GitHub Webhooks → Cloud Function/Worker → AI + DB → GitHub API

Pros:

Real-time response (not limited by Action queue)
More sophisticated state management
Could handle comment replies, not just new issues

Cons:

Infrastructure to maintain
More complex deployment
Requires hosting (Cloudflare Workers free tier possible)

Estimated Cost: Free tier possible, ~$5-10/month if scaled

3.4 Recommendation

Start with Option A (GitHub Actions + Gemini) as an MVP:

Proven pattern from changelog generator
Zero infrastructure cost
Can evolve to Option B if accuracy needs improvement

4. Data Sources & Integration

4.1 Documentation Corpus

Source	Content	Size	Update Frequency
`troubleshooting.md`	Common issues & solutions	~300 lines	Monthly
`configuration.md`	All config options	~500 lines	Per release
Research docs (16)	Feature investigations	~200 lines each	As needed
ADRs (13)	Technical decisions	~100 lines each	Per decision
Module READMEs	Implementation details	~50 lines each	Per change

4.2 Issue Patterns

For duplicate detection, analyze:

Issue titles (high signal)
Issue body first paragraph (problem statement)
Labels applied
Linked PRs and commits

4.3 Embedding Strategy

Pre-compute embeddings for:

Each troubleshooting section (by #### headers)
Each research document executive summary
Each ADR decision summary
Each closed issue (title + first comment if resolution)
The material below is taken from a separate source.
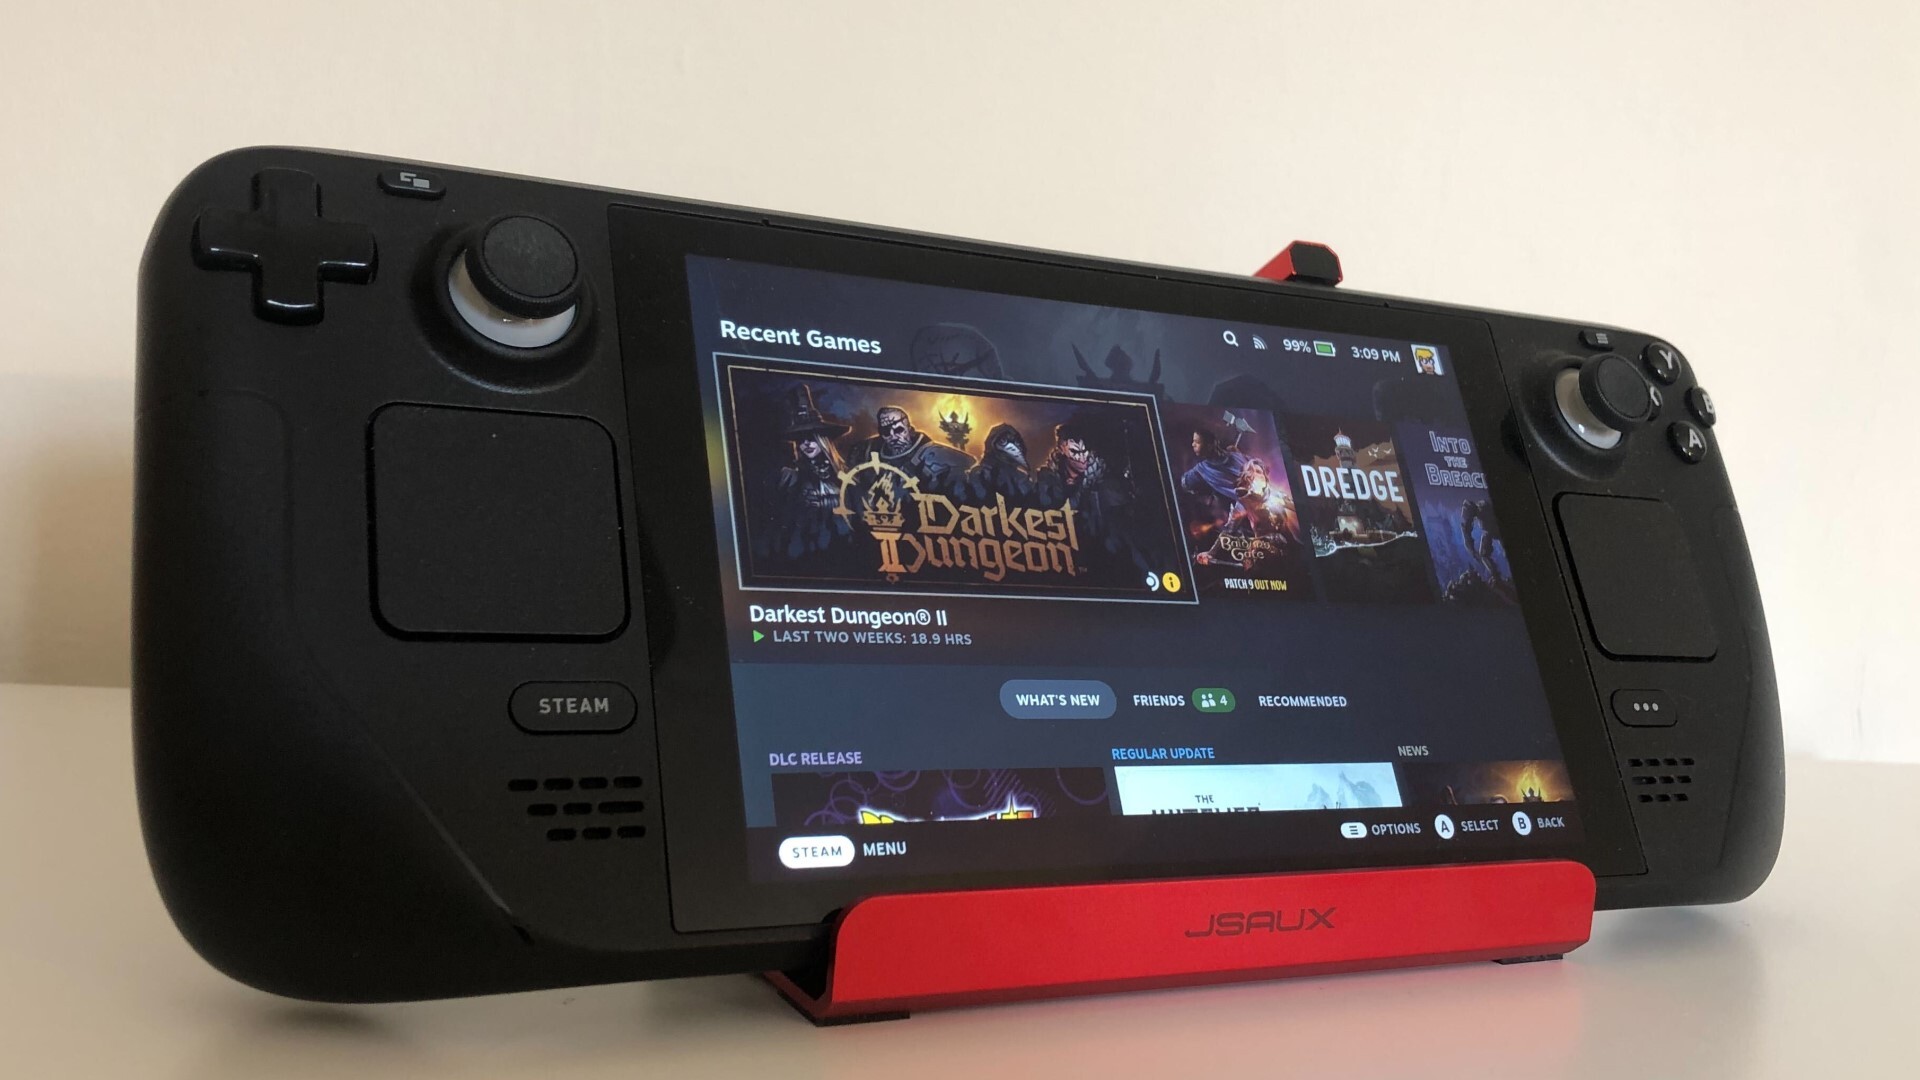 JSAUX USB 6-in-1 Steam Deck Dock with a Steam Deck on it, displaying the Steam page for Darkest Dungeon

Store in .github/issue-bot/embeddings.json or external vector DB.

5. Implementation Phases

Phase 1: Information Request Bot (MVP)

Scope: Detect missing information in bug reports, request details

Files:

.github/workflows/issue-triage-bot.yml
.github/issue-bot/templates/missing-info.md

Effort: 1-2 days

Value: Reduces back-and-forth, gets issues to actionable state faster

Phase 2: Solution Suggester ✅ Shipped

Scope: Match issues against troubleshooting guide and configuration docs using Gemini AI

Files:

.github/issue-bot/troubleshooting-index.json  # Pre-processed index
.github/issue-bot/scripts/generate-index.js   # Index generator script
.github/issue-bot/templates/suggestion.md      # Documentation

Implementation: Extended issue-triage-bot.yml into a multi-step pipeline. Phase 1 analyses missing info, Phase 2 calls Gemini to match against a pre-processed index of troubleshooting and configuration sections, and a final step posts a single consolidated comment. All untrusted inputs passed via environment variables for security.

Effort: 3-5 days

Value: Resolves common issues without maintainer intervention

Phase 3: Duplicate Detector ✅ Shipped

Scope: Compare new issues against open/recent closed issues using Gemini Flash

Files:

.github/issue-bot/issue-index.json              # Pre-processed issue index (generated weekly)
.github/issue-bot/scripts/generate-issue-index.js  # Index generator script
.github/workflows/update-issue-index.yml         # Weekly cron job (Monday 4:00 UTC)
.github/issue-bot/templates/duplicate.md         # Documentation

Implementation: Extended issue-triage-bot.yml with a Phase 3 step that reads a pre-processed index of open and recently closed issues (last 90 days), sends compact summaries to Gemini Flash (temperature 0.2), and returns 0-3 matches with similarity percentages. Uses the same hybrid approach as Phase 2: pre-processed JSON index + Gemini Flash matching at runtime. No embedding API needed. The index is regenerated weekly by a cron workflow.

Effort: 1 week

Value: Consolidates discussion, reduces duplicate investigation

Phase 4: Enhancement Context

Scope: Link feature requests to roadmap/research/ADRs

Additional Files:

.github/issue-bot/feature-index.json  # Roadmap + research mapping
.github/issue-bot/templates/enhancement.md

Effort: 3-5 days

Value: Saves maintainer time explaining "already investigated" or "planned"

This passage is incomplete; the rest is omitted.